The place has a strong or special association with a particular community or cultural group in New South Wales for social, cultural or spiritual reasons.

The site is of social significance to the local community on account of its lengthy association for providing an important source of employment, trade and social interaction for the local area. The site is significant for its ability to contribute to the local community's sense of place, is a distinctive feature of the daily life of many community members, and provides a connection to the local community's past.

The place possesses uncommon, rare or endangered aspects of the cultural or natural history of New South Wales.

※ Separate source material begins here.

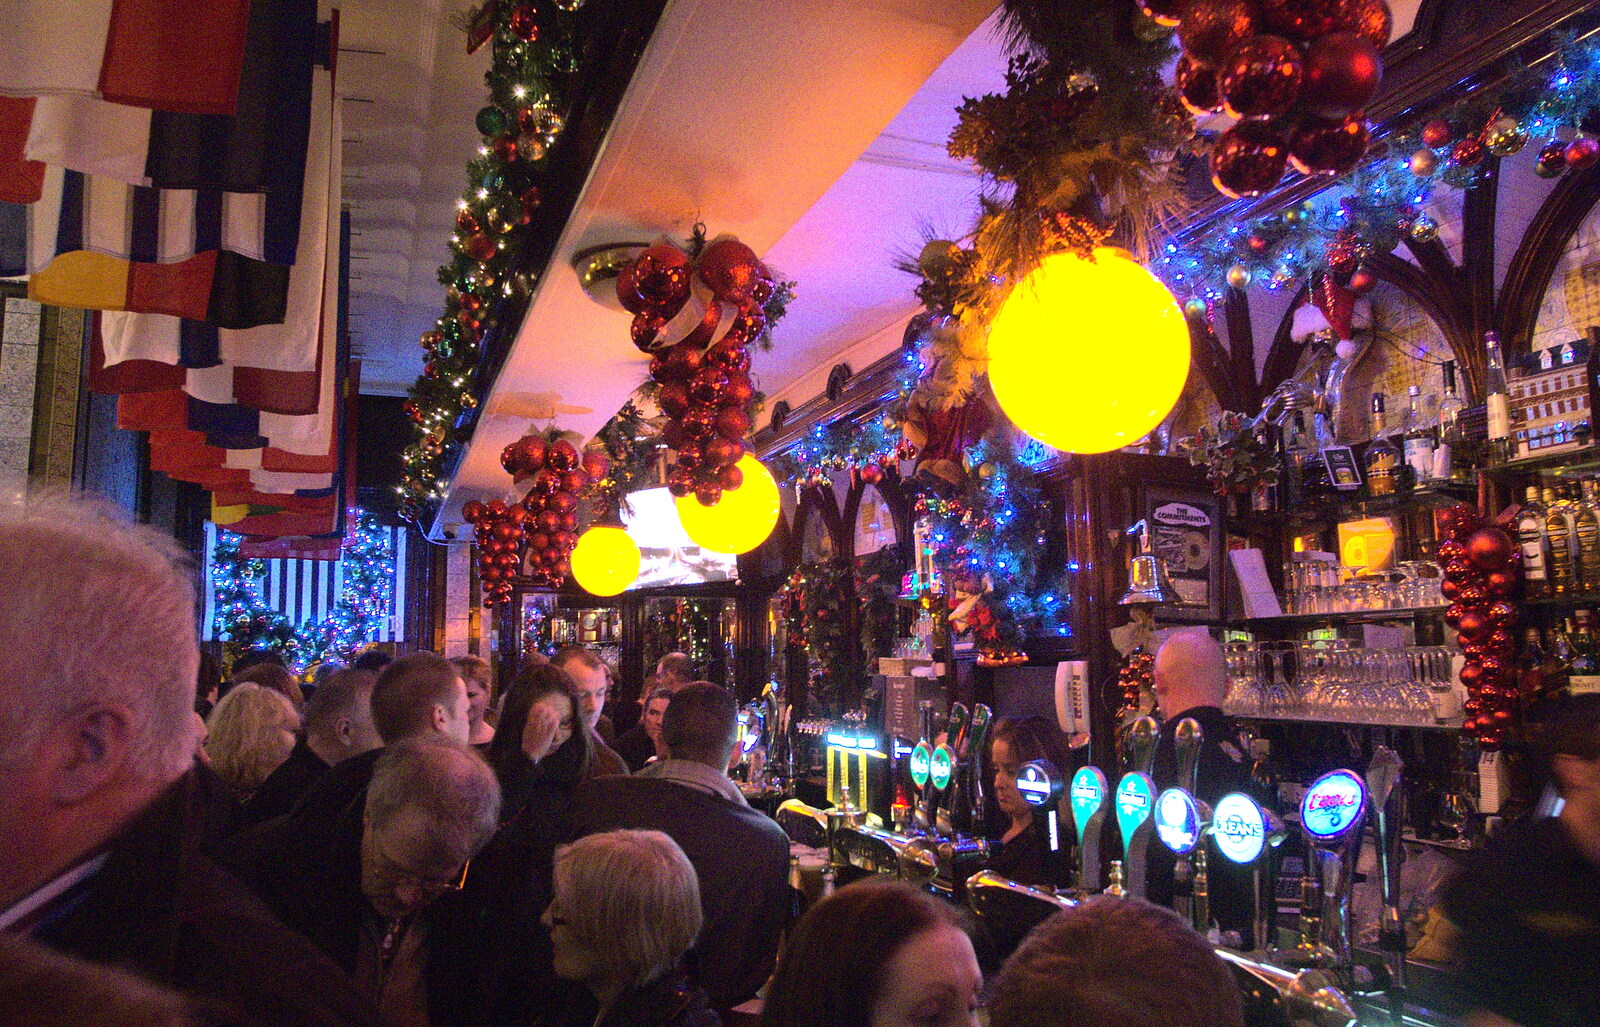 Inside Bruxelles bar from A Night on the Lash, Dublin, Ireland - 14th December 2012

The small station building and lamp room are rare examples of extant timber railway buildings in NSW, as many examples have been replaced by modern structures. The toilet structure is also a rare, albeit altered, surviving example of a standard structure, with only very few remaining in NSW.

The place is important in demonstrating the principal characteristics of a class of cultural or natural places/environments in New South Wales.

The site has representative significance for its collection of railway structures including the station building, lamp room and toilet structure that collectively demonstrate widespread early 20th-century railway customs, activities and design in NSW, and are representative of similar items that are found in other railway sites across the state.